HPO can obviously stimulate hepatocyte proliferation and liver
regeneration. The biological effect of HPO on the stimulation of DNA
synthesis in hepatocytes is half-maximal at 0.5-1.0 pM concentration (13). The half-maximum dosage for HPO activity was in
good accord with the Kd value (0.8-2.0
pM) of the HPO receptor, thereby indicating that this high
affinity receptor may play an important physiological role in the
signaling system. 125I-HPO induced a time- and
dose-dependent effect on binding to cell surface sites of
the primarily cultured rat hepatocytes and human hepatoma cells. The
binding reaction is reversible and saturable.
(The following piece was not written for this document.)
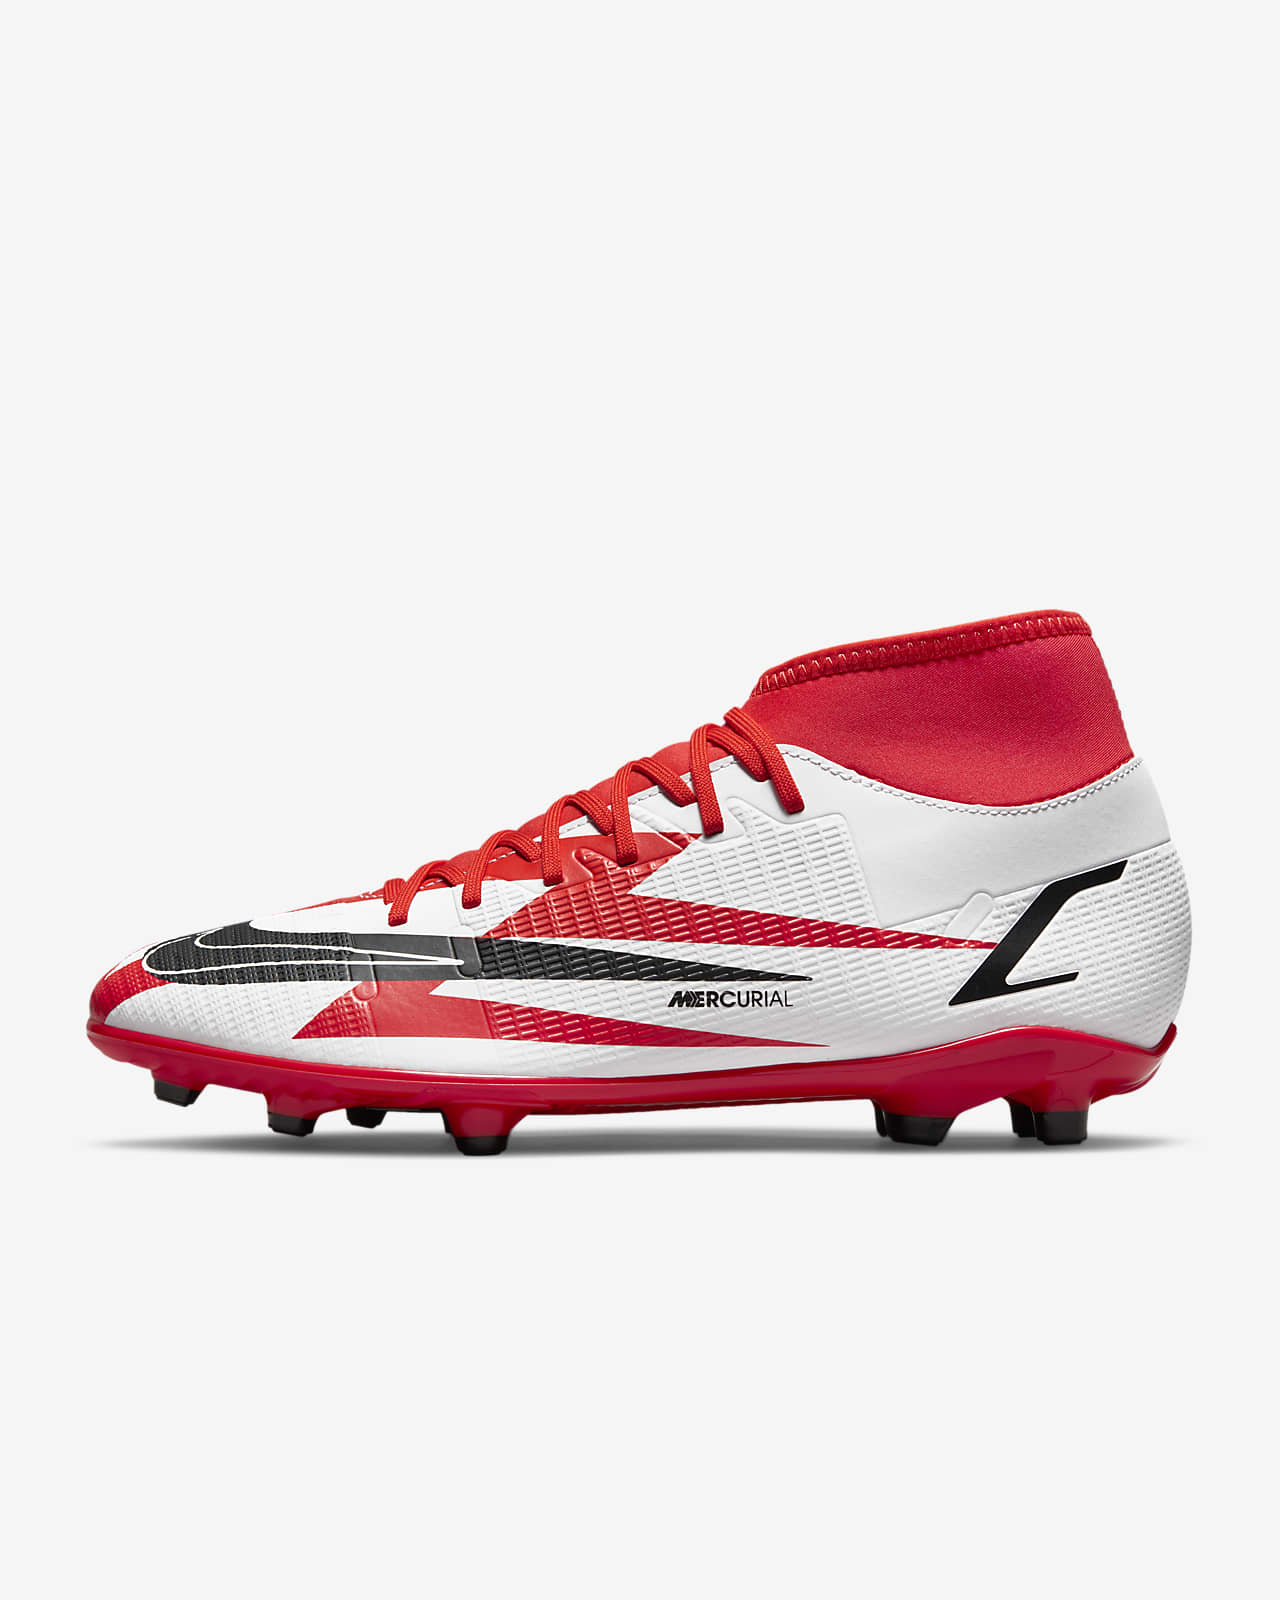 Nike Mercurial Superfly 8 Club CR7 MG Multi-Ground Football Boot

When an excess amount of
unlabeled HPO was added, it could replace the cell surface sites that
HPO has been binding to. In addition, the binding is specific because a
great amount of EGF, TGF-
, and insulin make no effect on
125I-HPO binding to the cell surface sites. Therefore, it
is reasonable to conclude that the hepatocytes surface sites are just
the receptors for HPO, which have typical characteristics of a receptor
such as high affinity, high specificity, reversibility, and saturation.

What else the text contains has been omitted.